All lines from the one containing "Fm collection. Classic" through the end of the data below are to be repeated exactly, with pictures left out.

→ **Source material**:
------------------------------------------------

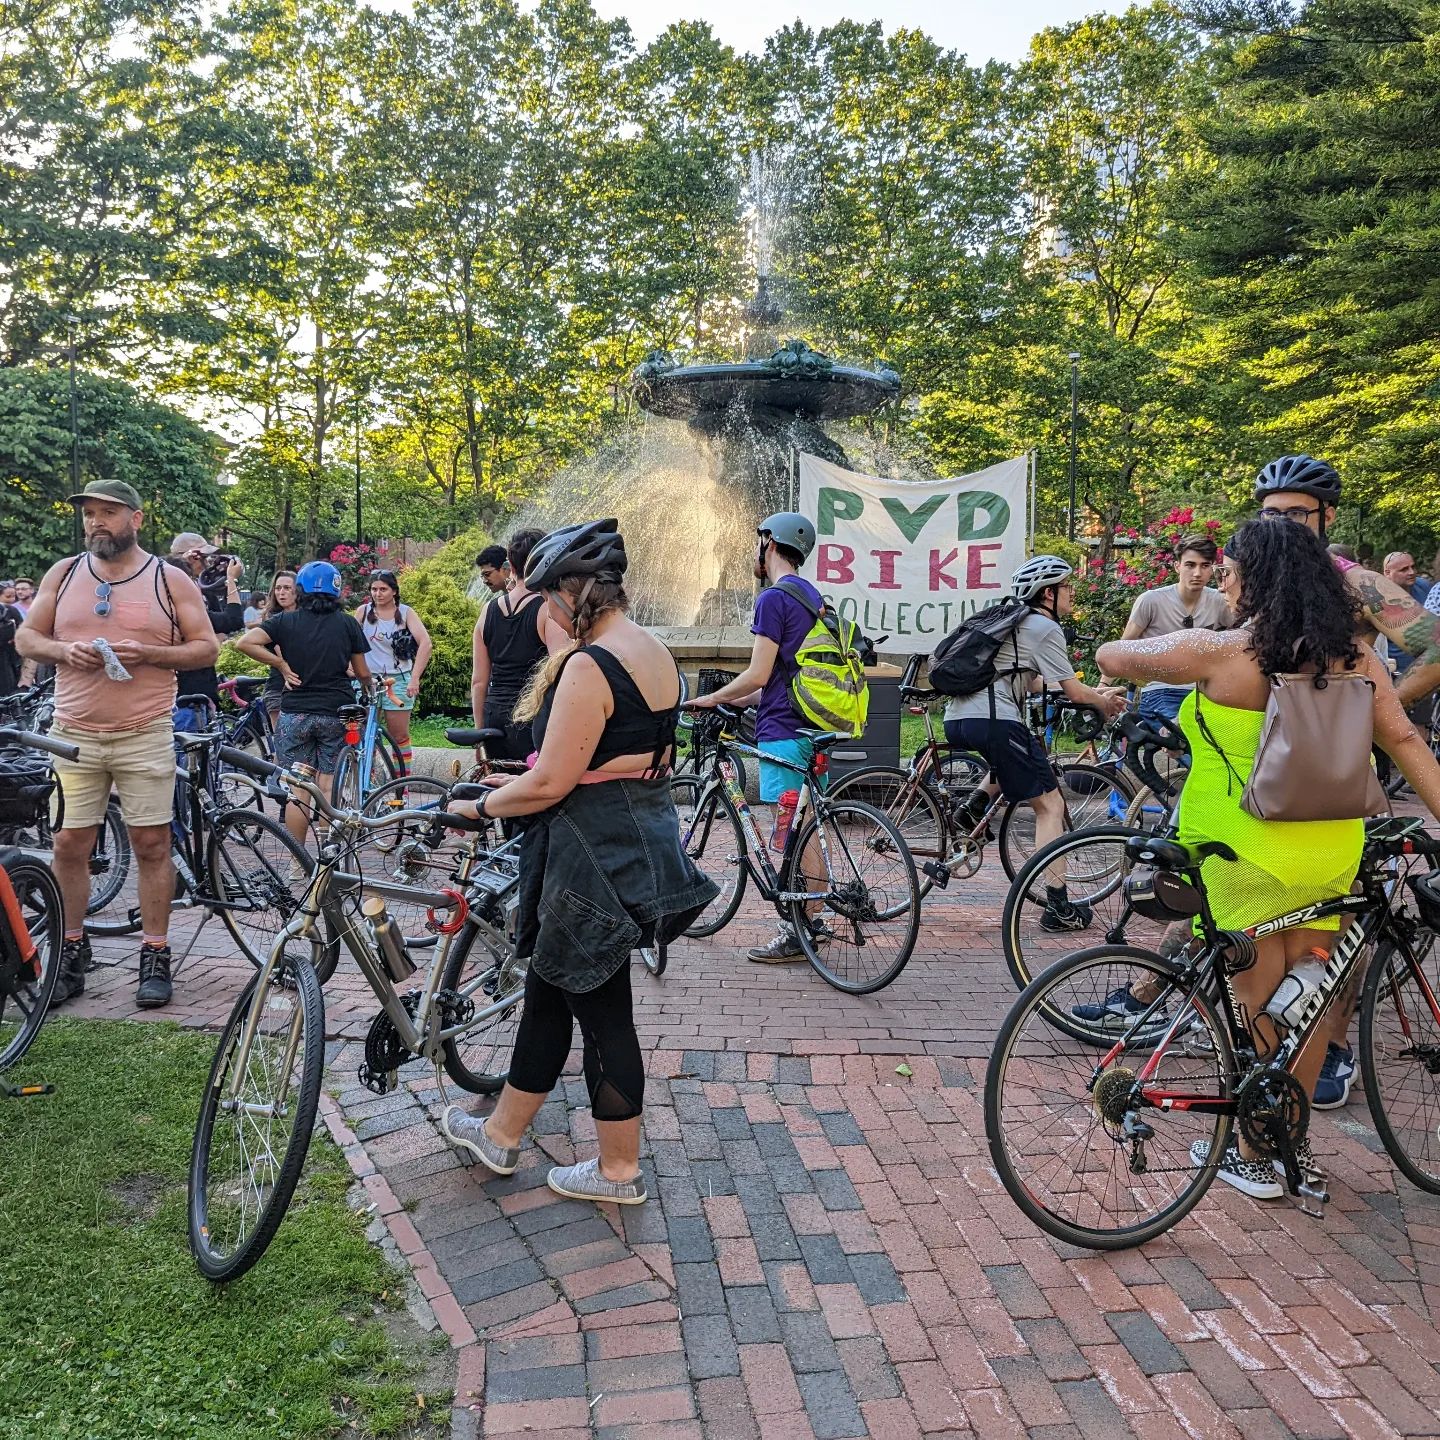 Riders getting ready for a ride with the PVD Bike Collective in a park. Photo by Instagram user @echasc
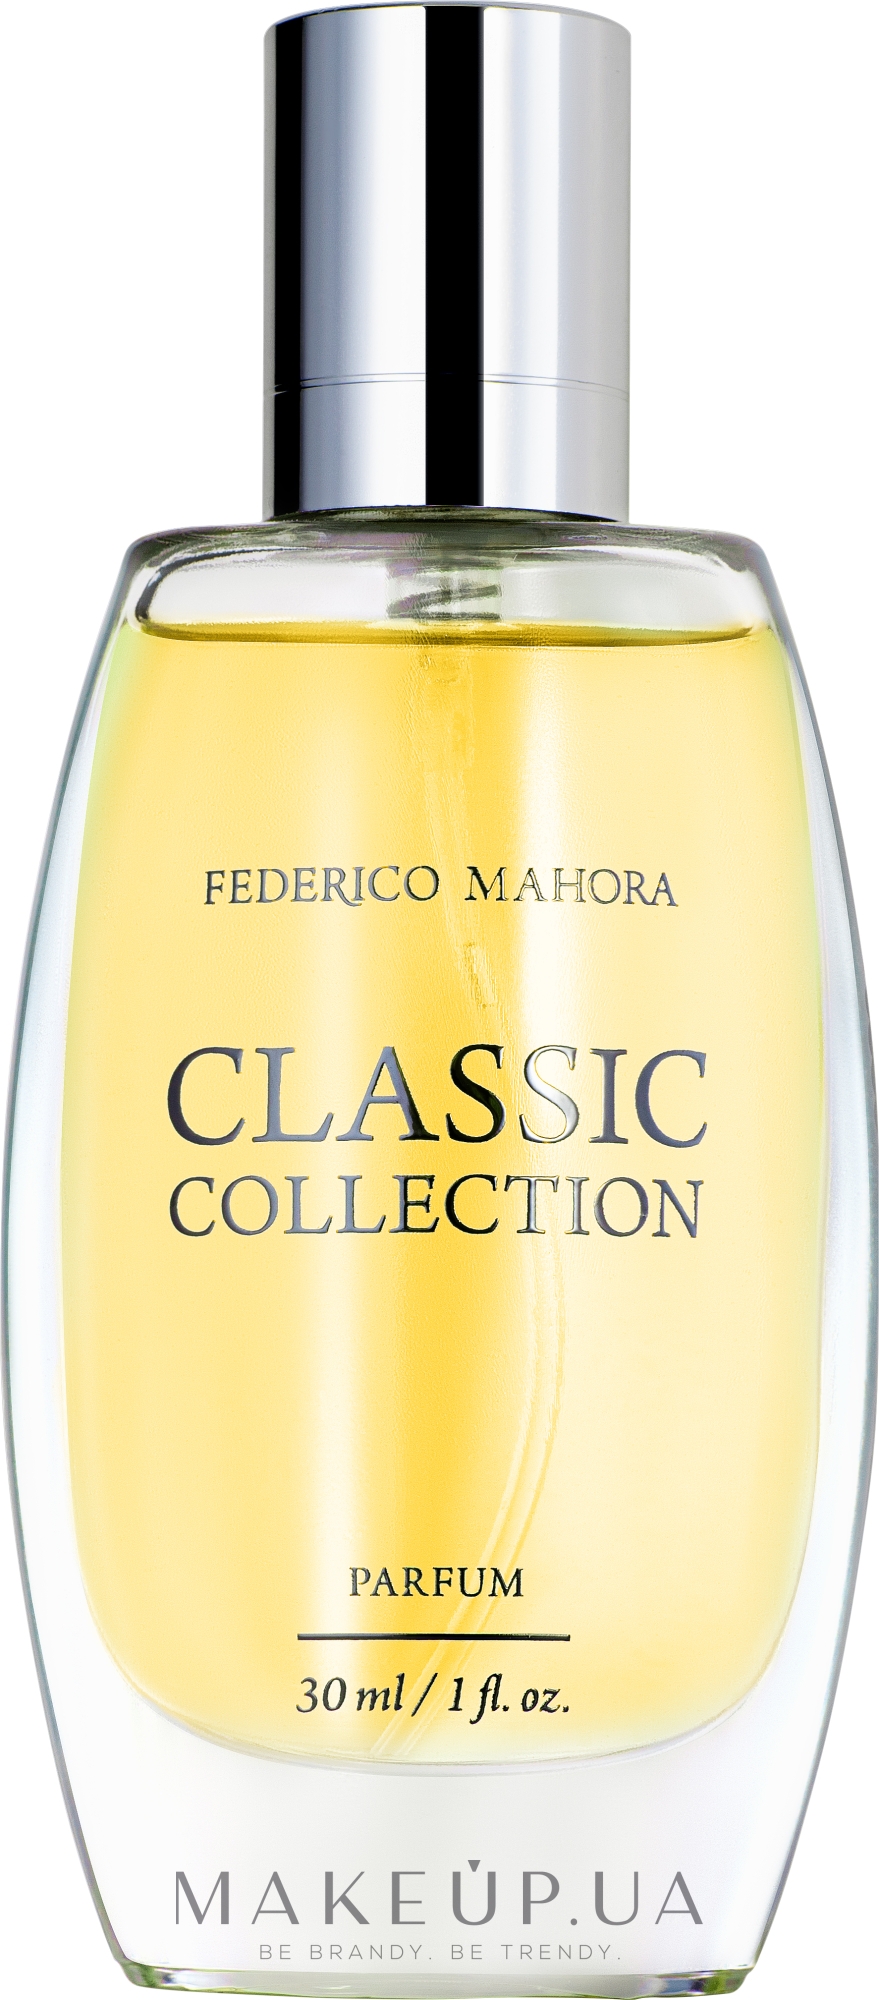 Fm collection. Classic collection духи Federico Mahora. Fm by Federico Mahora Parfum Classic collection fm 24. Federico Mahora Classic collection fm 97. Federico Mahora Classic collection Fragrance 16%.
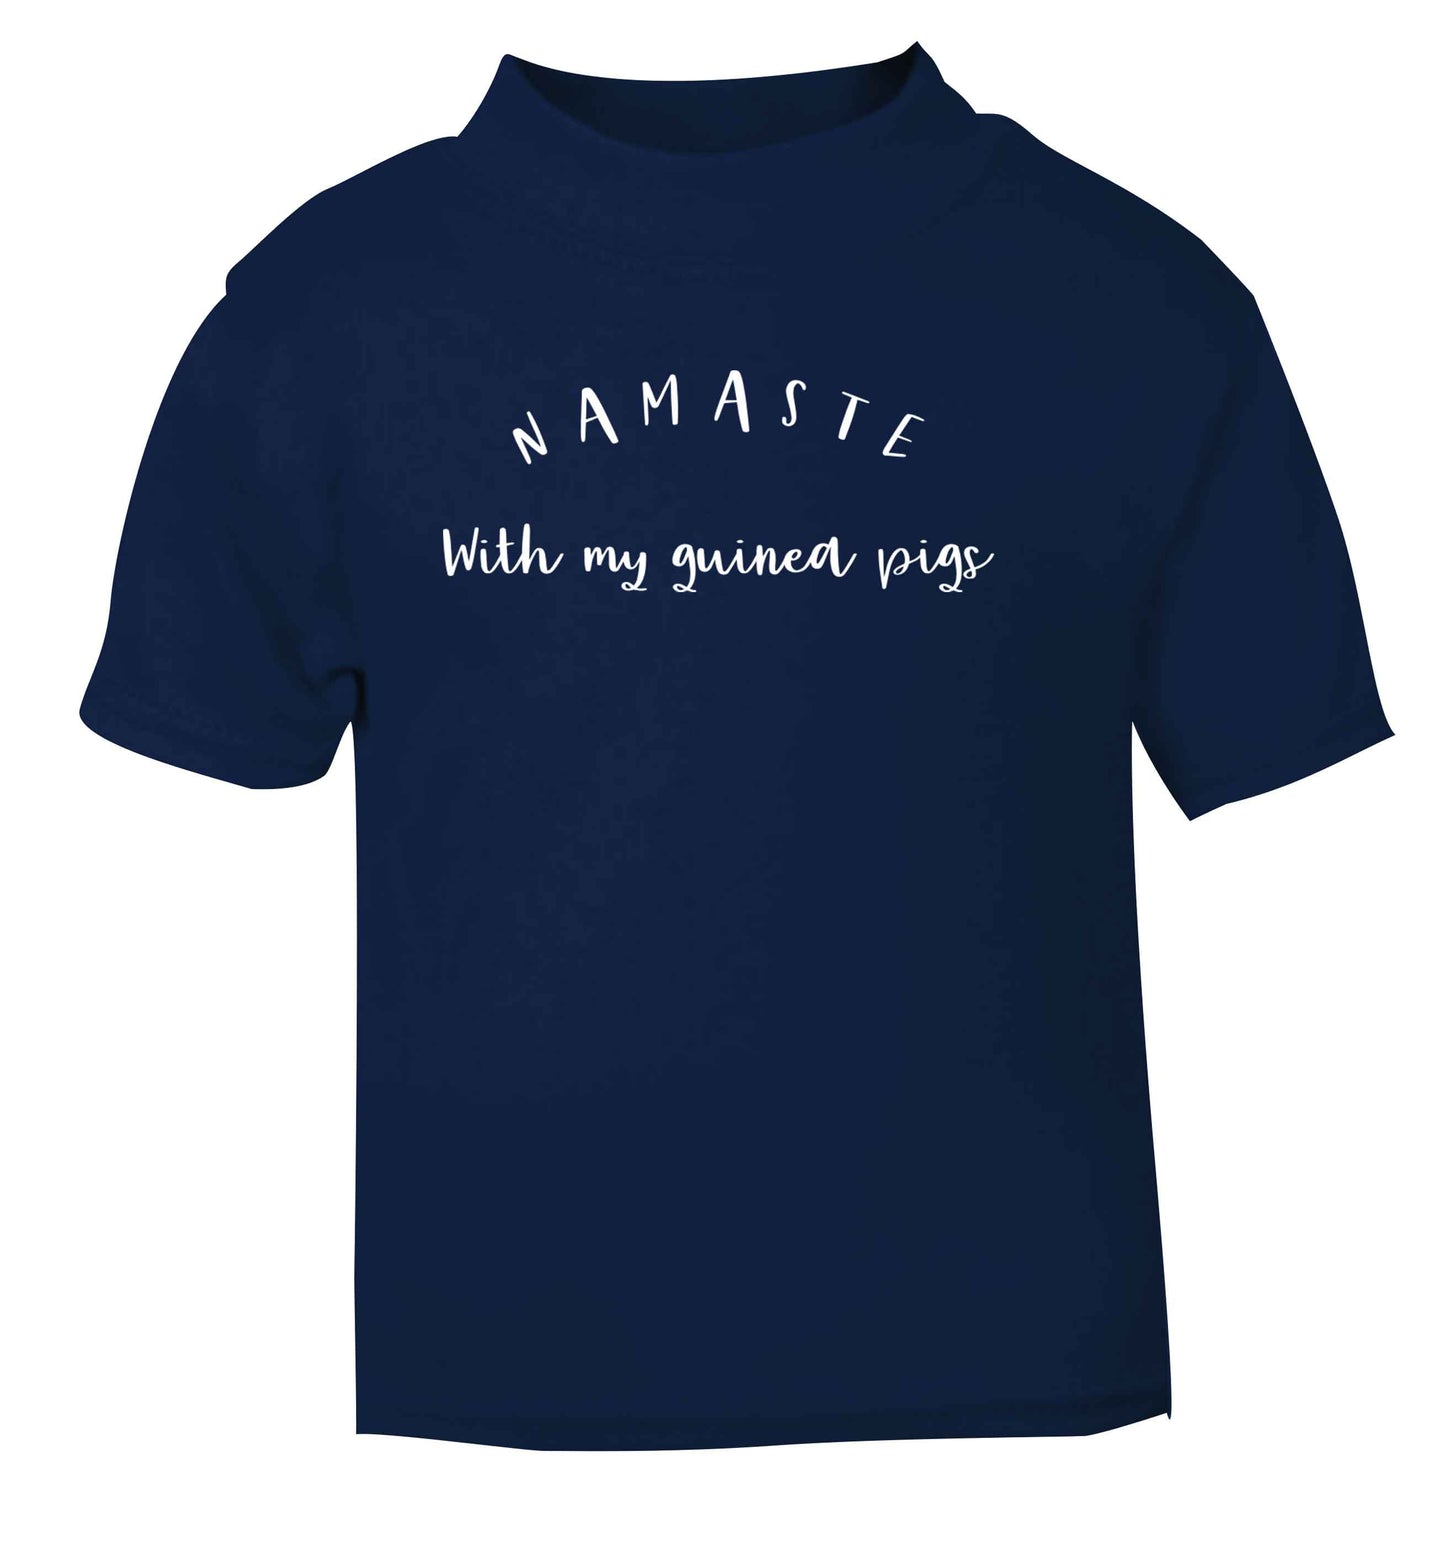 Namaste with my guinea pigs navy Baby Toddler Tshirt 2 Years
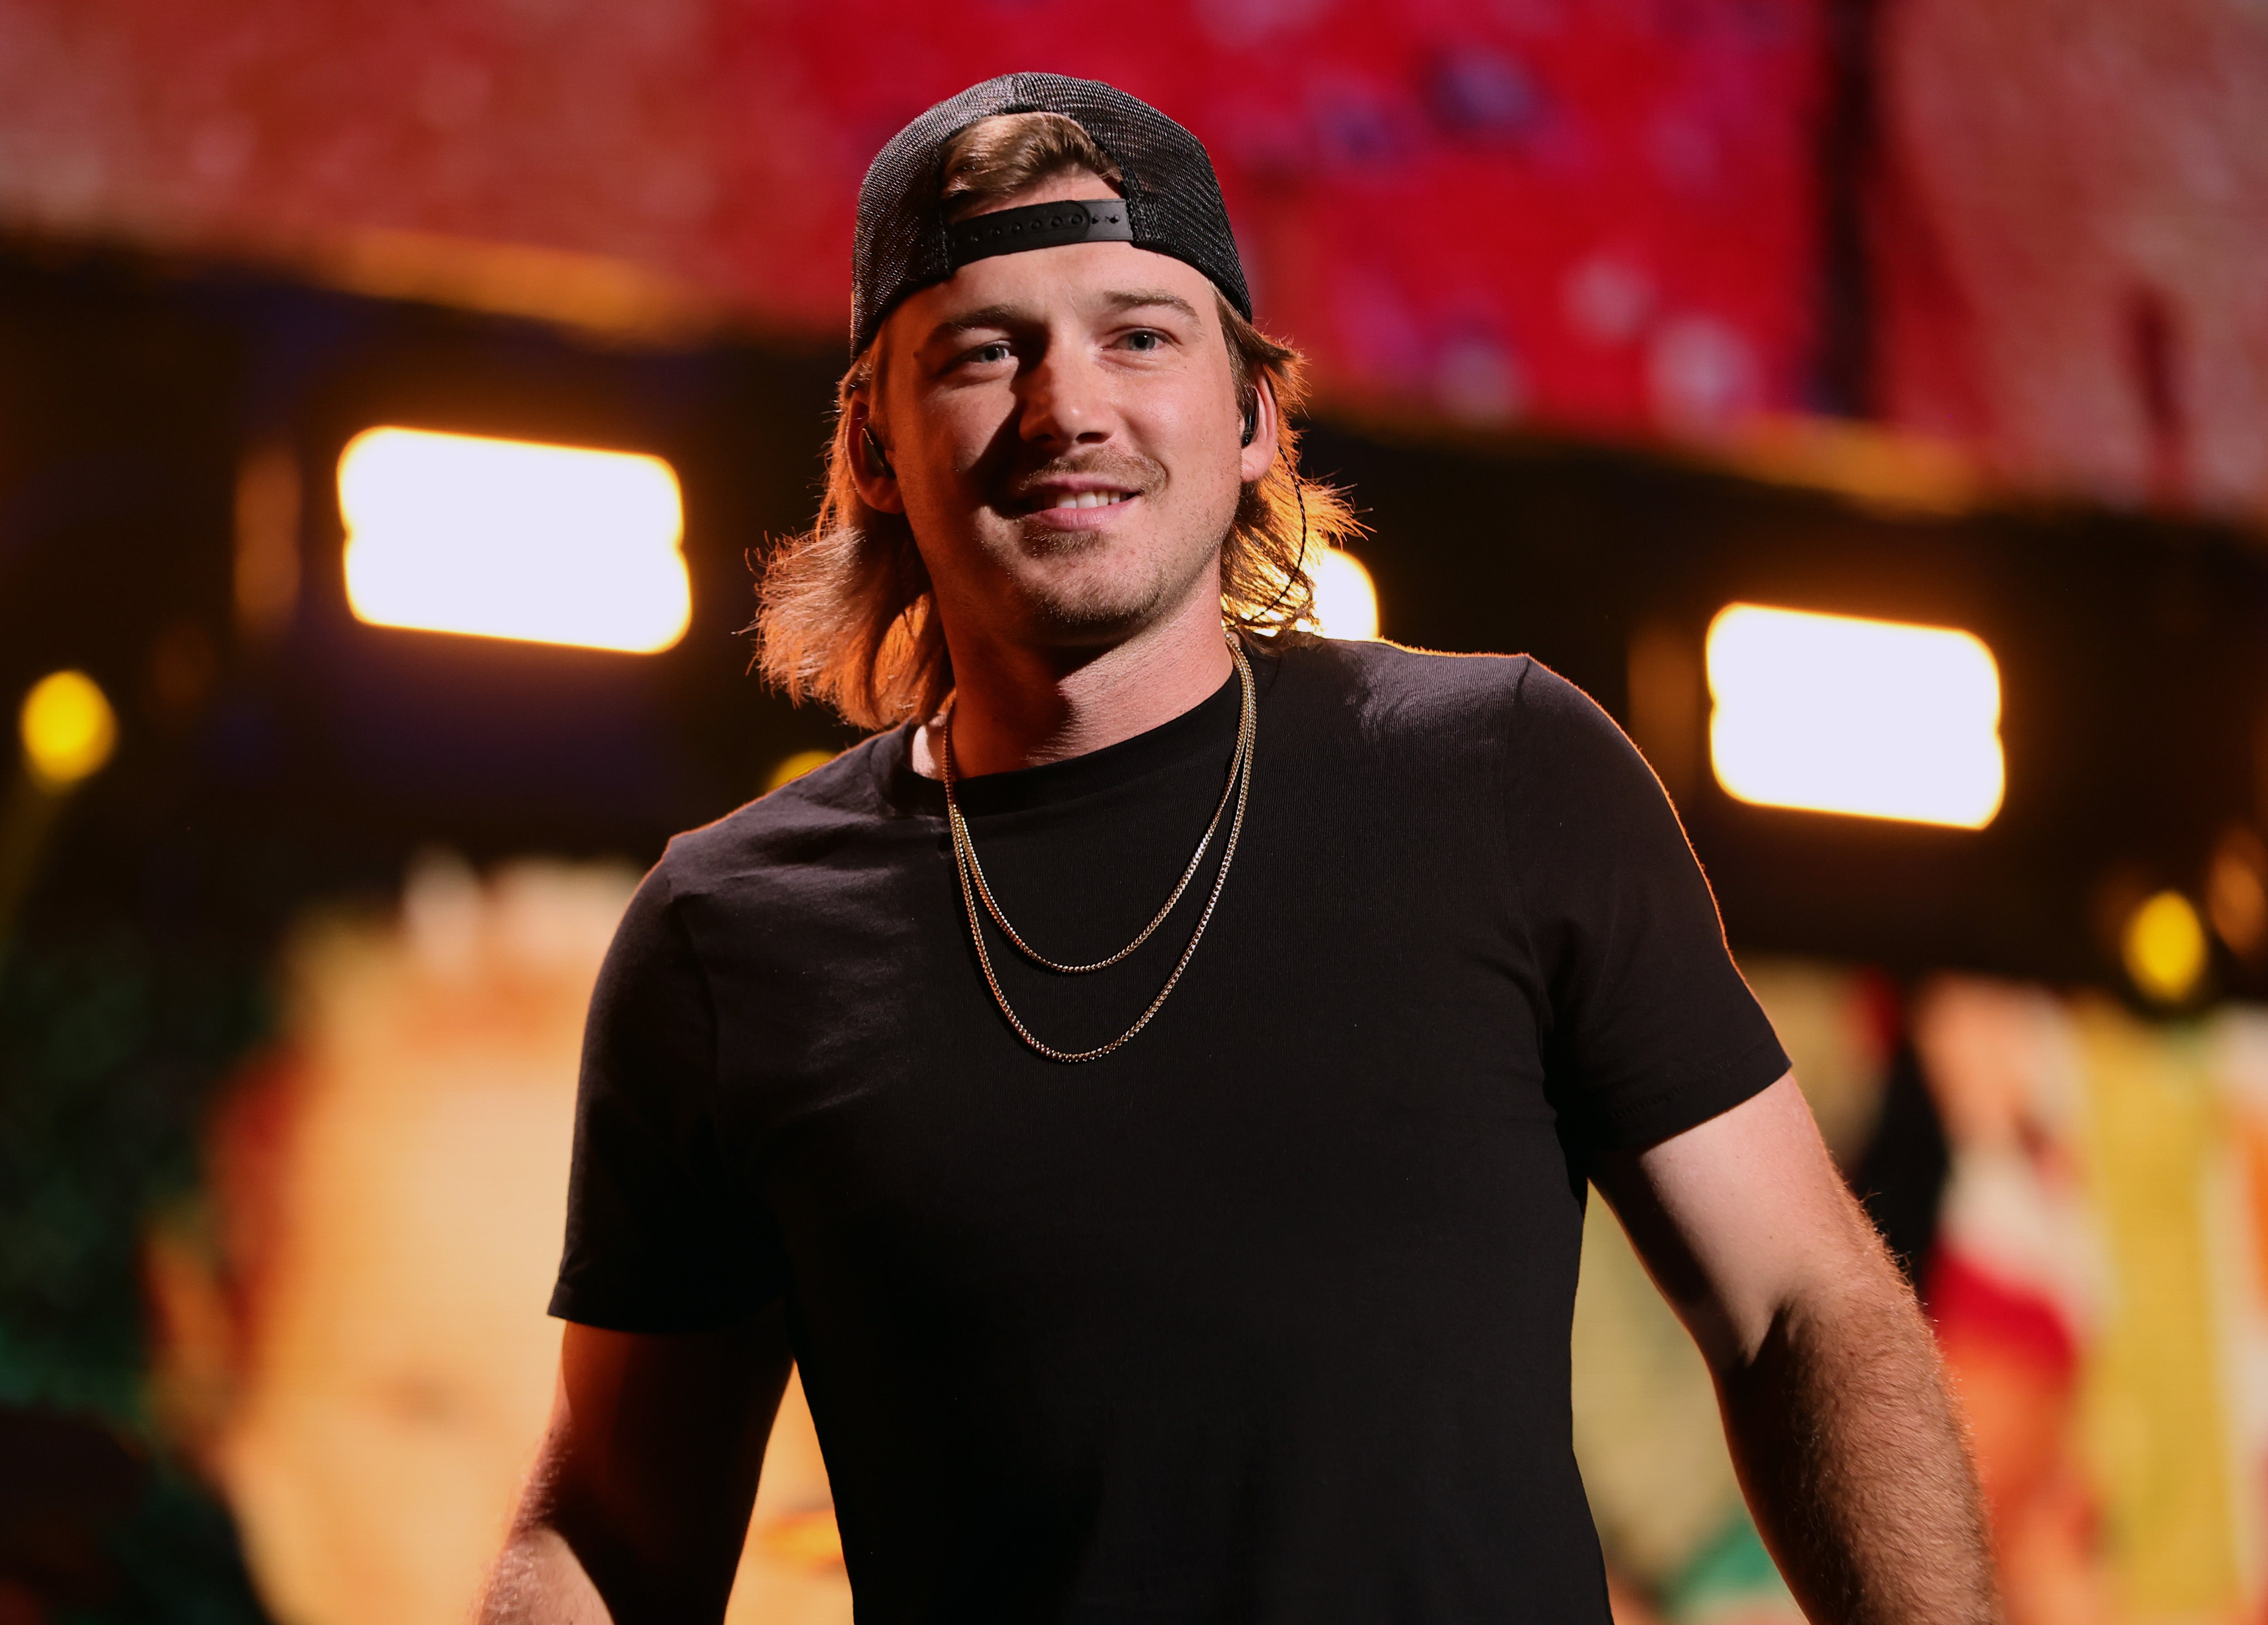 Morgan Wallen has apologised after an incident in Nashville

------------------------------------------------

→ **Solution**:
 Fm collection. Classic collection духи Federico Mahora. Fm by Federico Mahora Parfum Classic collection fm 24. Federico Mahora Classic collection fm 97. Federico Mahora Classic collection Fragrance 16%.
 Namaste with my guinea pigs navy Baby Toddler Tshirt 2 Years
 Morgan Wallen has apologised after an incident in Nashville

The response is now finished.